Gradium's TTS model is inherently smart and catches most common contextual special terms and characters. But for cases where you need reliable output in every situation, dates mispronounced, numbers read awkwardly, or speech that is too fast or too flat, json_config gives you precise control.

The json_config field is added to your setup message and works for both Text-to-Speech and Speech-to-Text.

Why Use json_config in Gradium?

A basic TTS setup works, but pronunciation on dates, numbers, and emails may be off or slightly unnatural without it. Example from the tutorial:

{
  "type": "setup",
  "voice_id": "<VOICE_ID>",
  "model_name": "default",
  "output_format": "wav"
}

Adding json_config to that same setup makes output robust in 100% of cases:

{
  "type": "setup",
  "voice_id": "<VOICE_ID>",
  "model_name": "default",
  "output_format": "wav",
  "json_config": {
    "rewrite_rules": "en"
  }
}

What Are the json_config Parameters for TTS?

rewrite_rules: How Do You Normalize Dates, Numbers, Emails, and More?

rewrite_rules activates text normalization before synthesis.
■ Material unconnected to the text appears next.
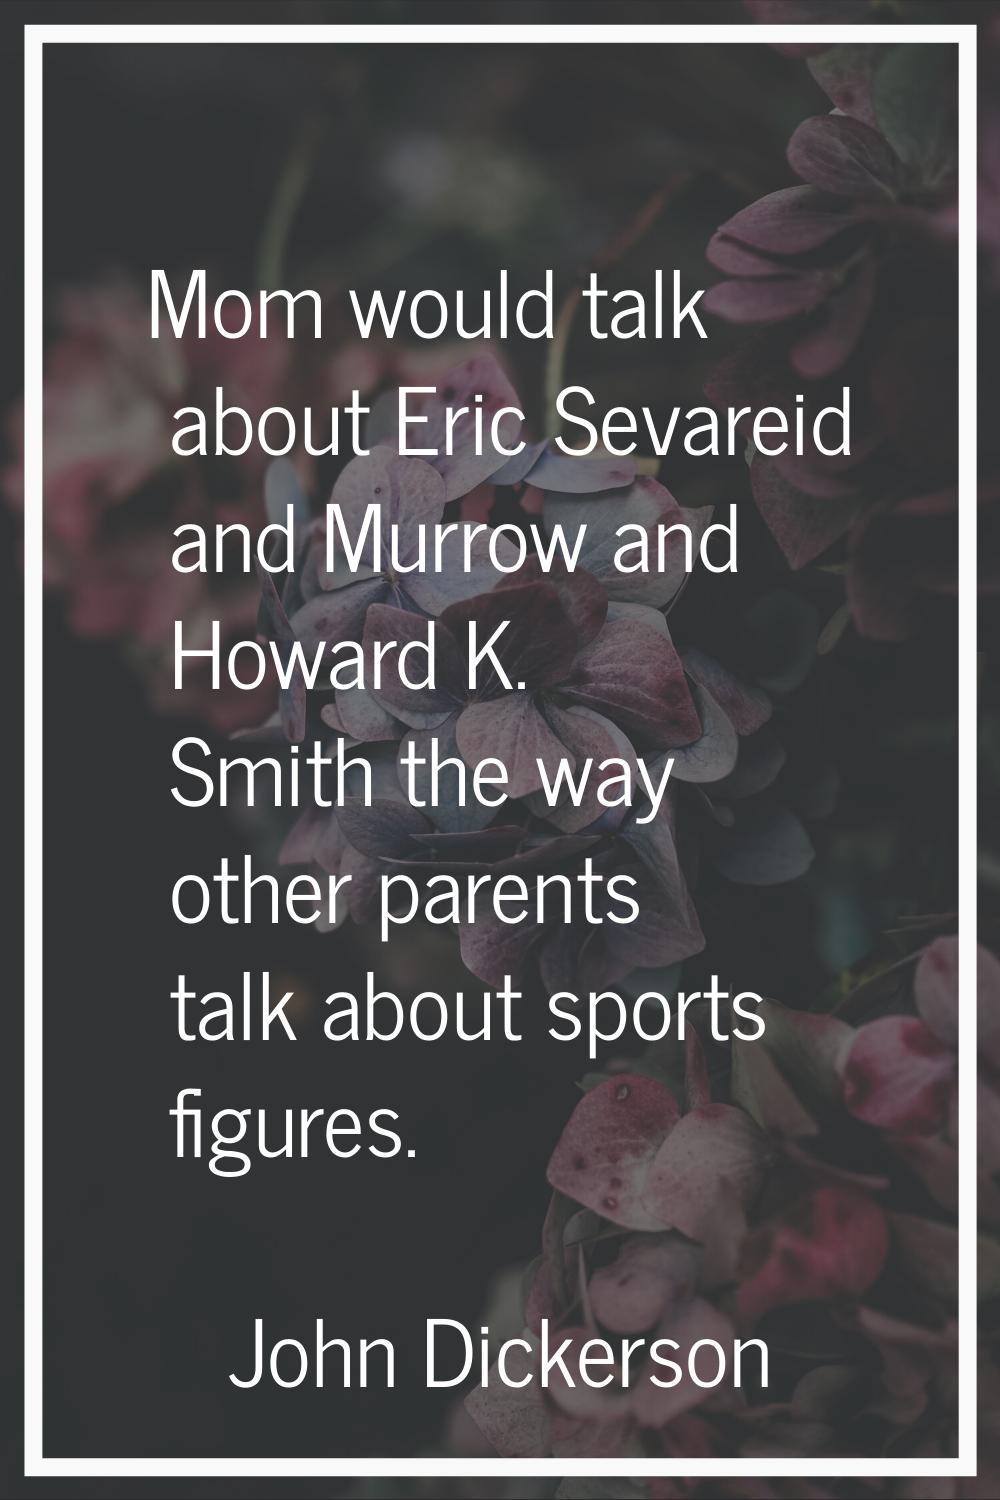 Mom would talk about Eric Sevareid and Murrow and Howard K. Smith the way other parents talk about 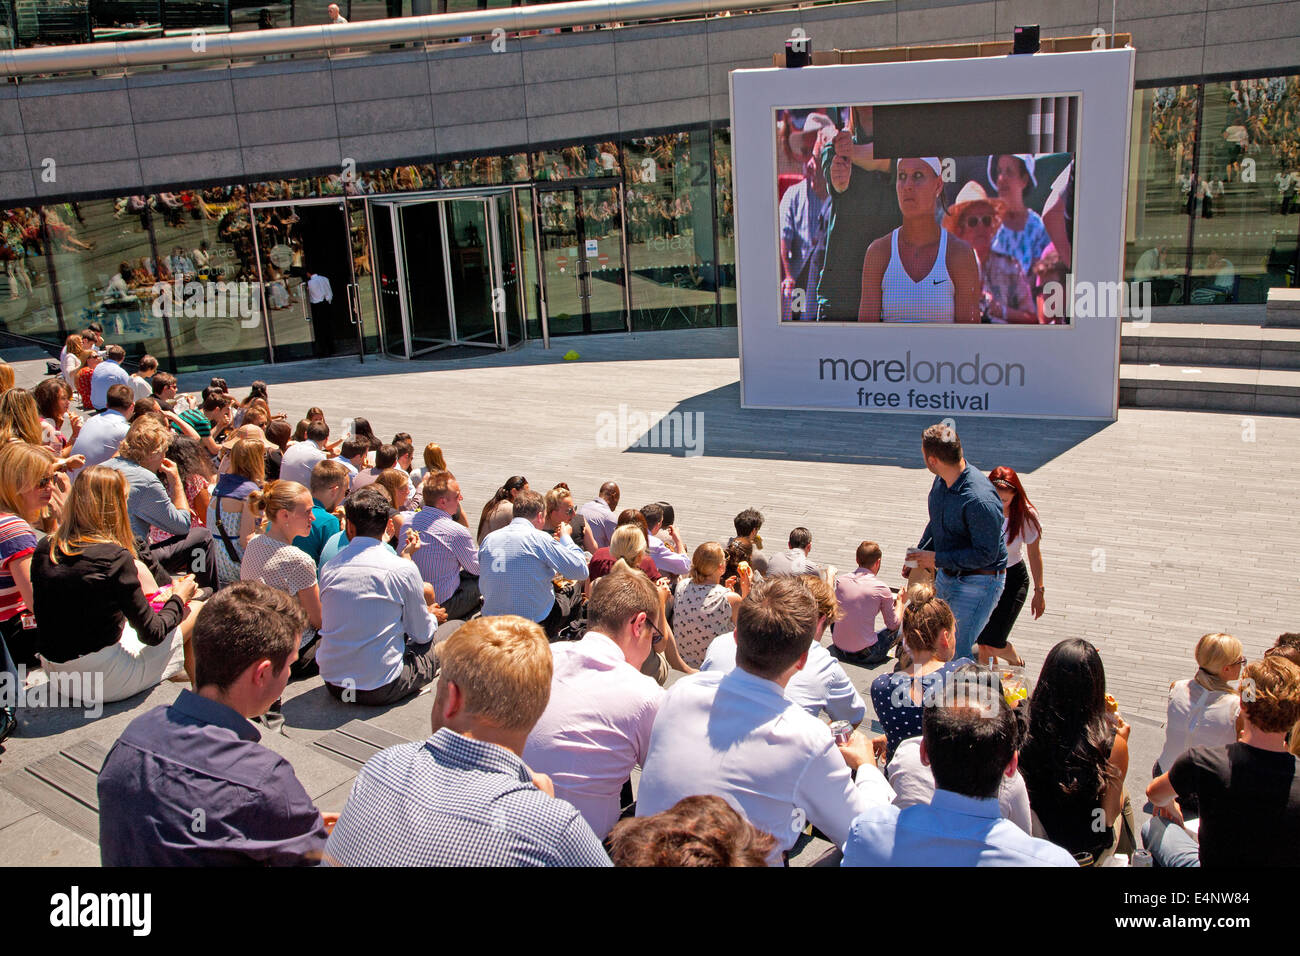 Wimbledon fans gather to watch live tennis on a giant LCD screen as part of the More London free festival,Centre Court,London,UK Stock Photo

Pass a language alias to apply a preset bundle of rules:

"json_config": {
  "rewrite_rules": "en"
}

With "en", the model normalizes dates, times, numbers, URLs, emails, and many more before generating speech.

If your use case requires more control, you can enable only specific rules by passing a comma-separated list:

"json_config": {
  "rewrite_rules": "TimeEn,Date,NumberEn"
}

This gives you tighter control within the same voice pipeline.

padding_bonus: How Do You Control Speech Delivery Speed?

padding_bonus adjusts how fast the model speaks. The default value is 0.

Positive values slow speech delivery down:

"json_config": {
  "padding_bonus": 2.0
}

This makes the speaker slower, more deliberate, and natural. Useful for audiobooks or any use case where clarity matters more than pace.

Negative values speed it up:

"json_config": {
  "padding_bonus": -2.0
}

This produces a faster and tighter delivery. Useful for conversational agents where responsiveness is a priority.

Trying a few values is the recommended approach to find the setting that fits your use case.

temp: How Do You Control Variation and Expressiveness?

temp (temperature) controls how deterministic voice generation is. Recommended values range from 0 to 1.4. The default is 0.7.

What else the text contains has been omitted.